Isobel's floral arrangements have played a major role in their success. Her wedding bouquets are locally famous. She prepares flowers for at least one country wedding somewhere on the island nearly every weekend.

"Among my favorites last summer were the dozen I did for one lady using maple syrup cans," Isobel says. "I made great tall arrangements full of bull rushes, wheat, and our own flowers. They were beautiful."

Thanksgiving is their busiest weekend of the year. People come from far and wide for one of her signature pumpkin centerpieces.

"I cut the top off a pumpkin and insert a piece of oasis floral foam for a base for the Thanksgiving arrangements," Isobel says. "Then I build a flower arrangement using a lot of natural things like bull rushes, wild flowers, and local greenery. I’m no longer the only one who does them but we have our own style and people seem to really like them."

Having a continuous source of fresh flowers is important when you make your living selling them. The couple uses several techniques to maintain a steady supply from mid-April to freeze-up. They start by selecting flower varieties that meet their needs. For example they plant perennials, like lilies, for the first flowers of the season. Monkshood and delphiniums are also early bloomers. The first annuals start blossoming in mid-June.

Personal favorites. "Dahlias are probably my favorites." Isobel says. "You have to plant them every year, but they keep flowering all season. You can cut them again and again right up to frost. I also like to grow flowers from bulbs, like lilies and gladiolas."

From early August until the end of the season, brightly colored sunflowers dominate Isobel’s garden. Thickly planted rows of sunflowers not only produce colorful flowers, they also provide flexible windbreaks. Forrester and Vallentin plant them everywhere to protect their more delicate flowers from the brunt of the island’s wind.

While some varieties, like dahlias, flower continuously, sunflowers don't. Isobel has found that she can maintain a steady supply of these simply by staging her planting dates.

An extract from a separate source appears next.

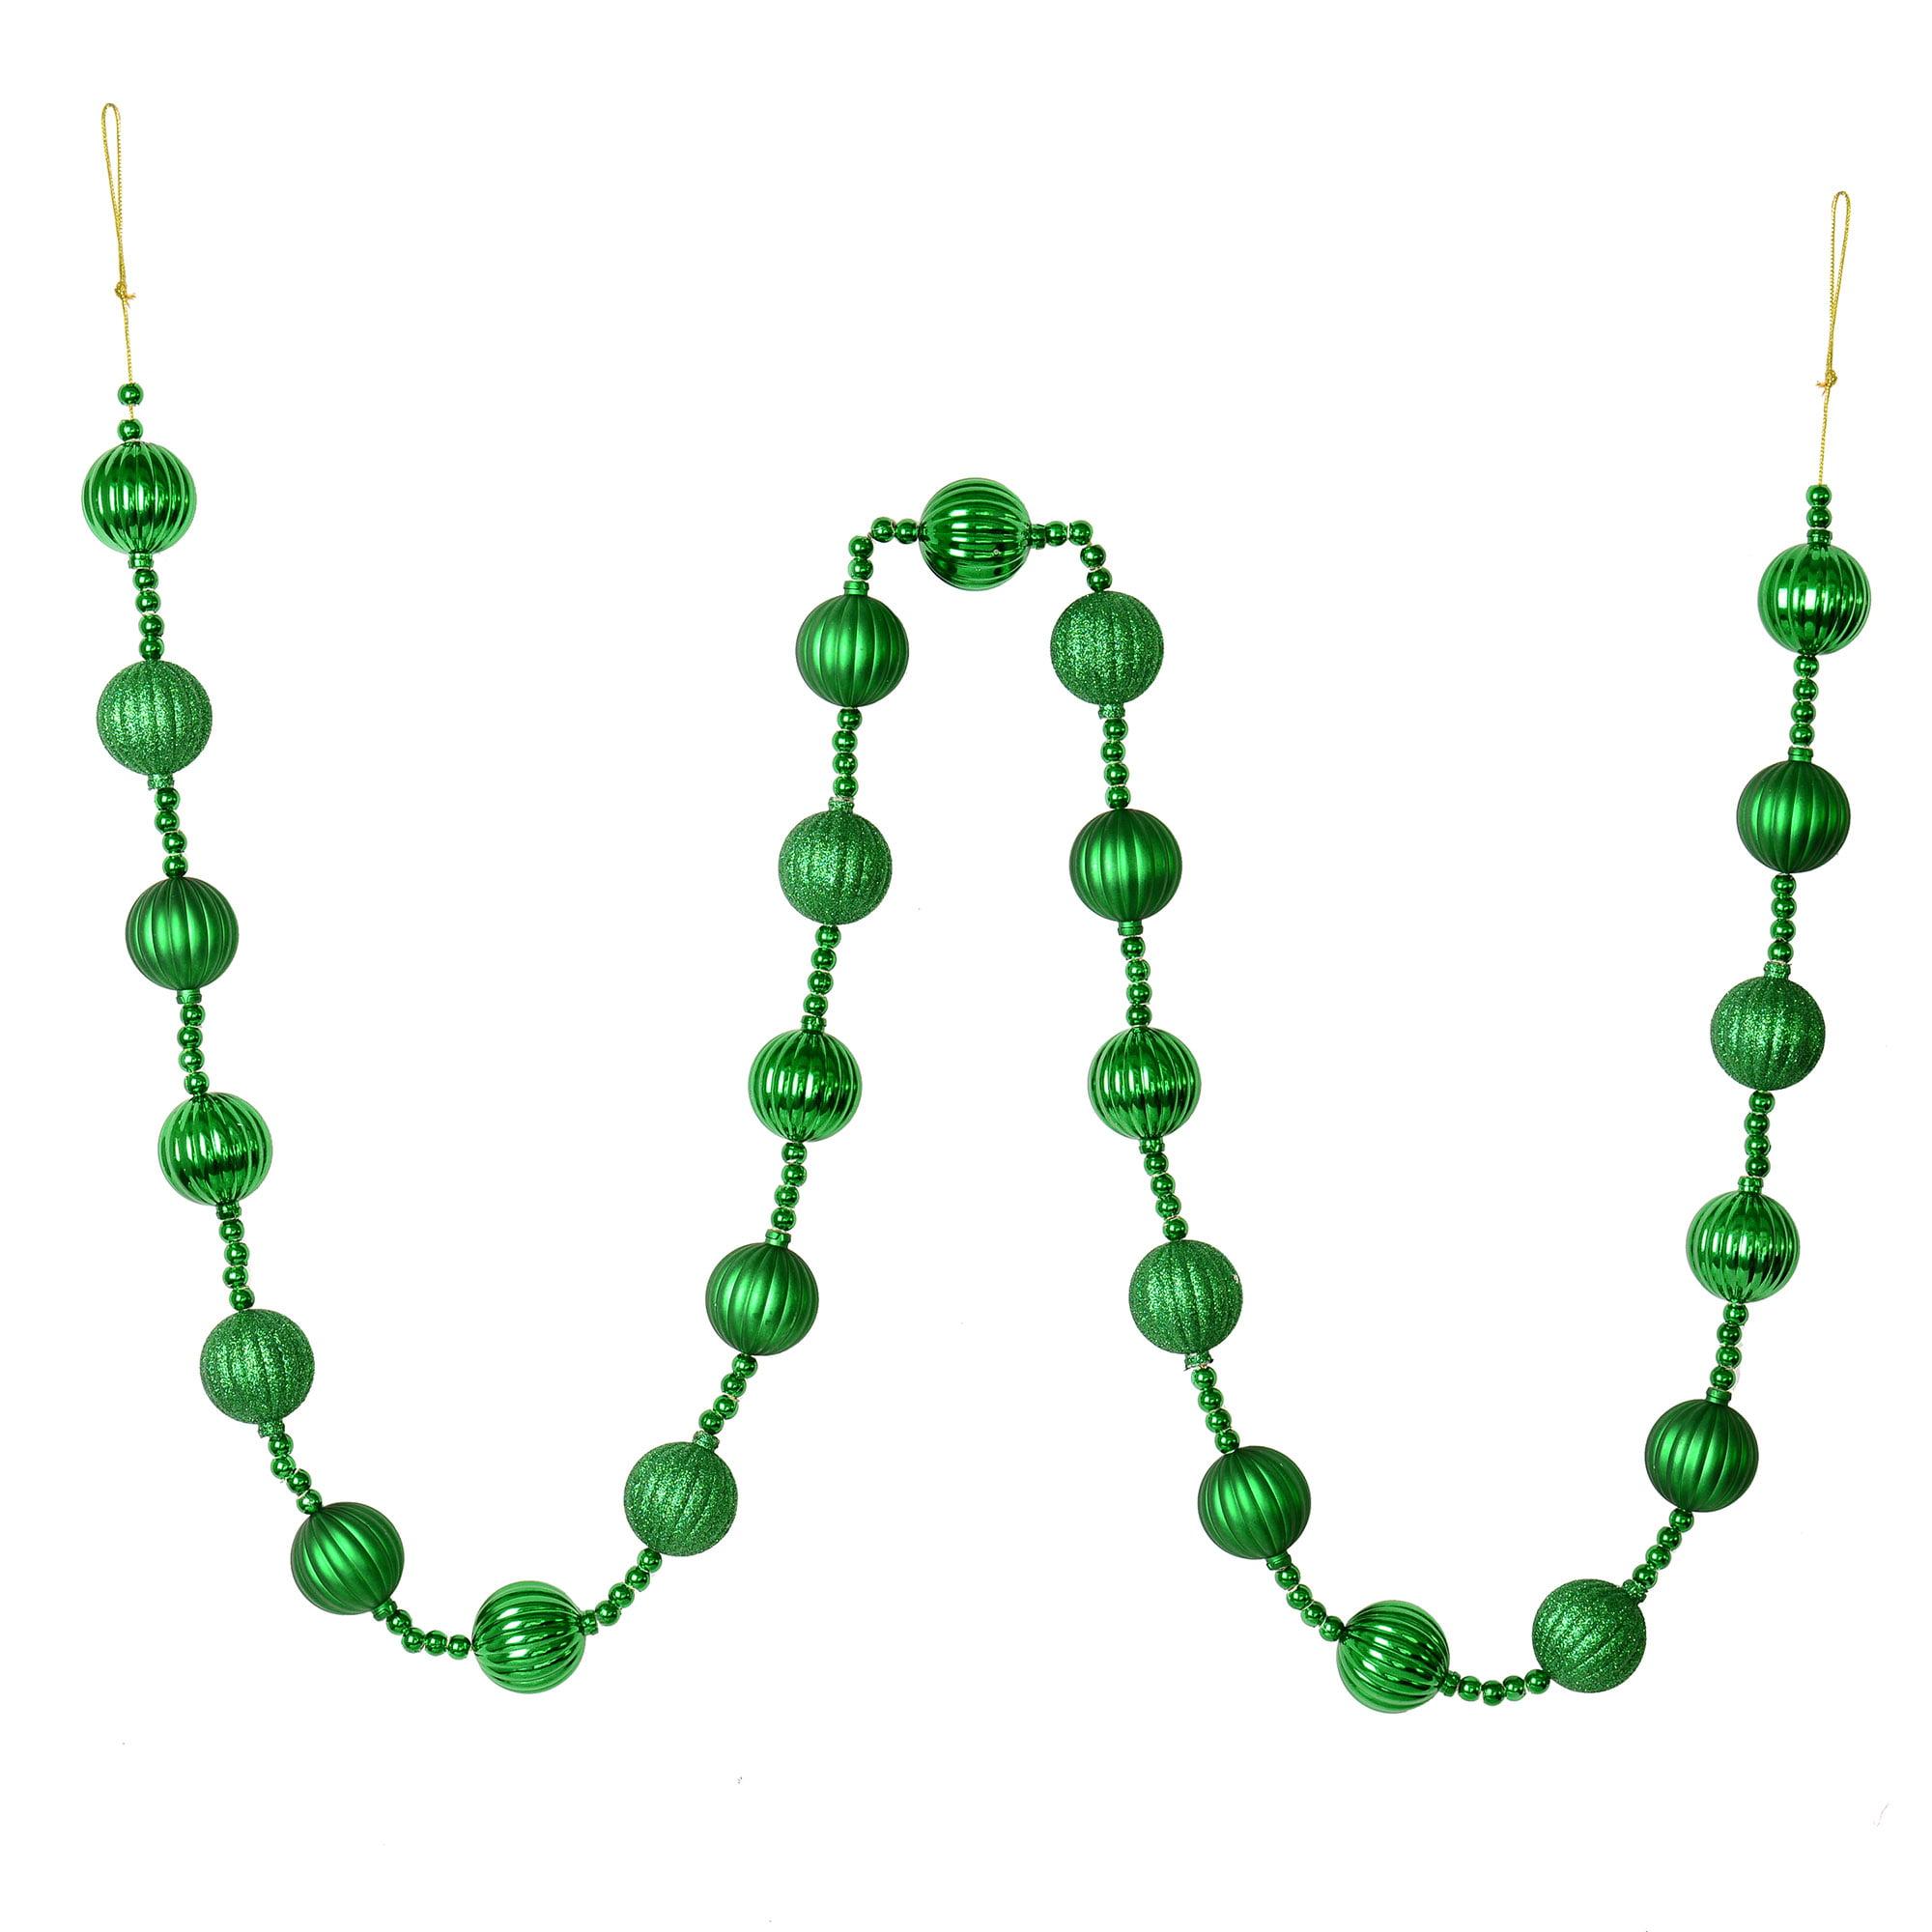 6' Emerald Stripe Ball Ornament Garland

"I like to have sunflowers as early as possible and as late as possible, so I do multiple plantings," Isobel says. "I plant them every two weeks, from mid-May right up until the end of July, and I have beautiful sunflowers right up to the frost. I use the same technique with snapdragons, and a few others too. It’s a simple trick but it works really well."

The couple uses a similar technique for perennials. For example, they get a second crop of lilies by planting a new set of bulbs in the spring once existing ones are a foot tall.

"We plant gladiolus seedlings three times; in mid-May, mid-June and again in early July," Isobel says. "This gives us an early season crop, a mid-season crop, and a late crop. Another trick we use to extend flowering is to scatter the bulbs in a trench when we plant them. If some of the bulbs are upside down, or sideways, instead of all sitting upright, they don't all come out of the ground the same day. We have found that doing this will give us at least six weeks of blossoms out of a single gladiolus planting."

Isobel has just main two criteria that guide her new flower variety selections. First, she has to like them; and secondly, they have to last for at least a week in a vase.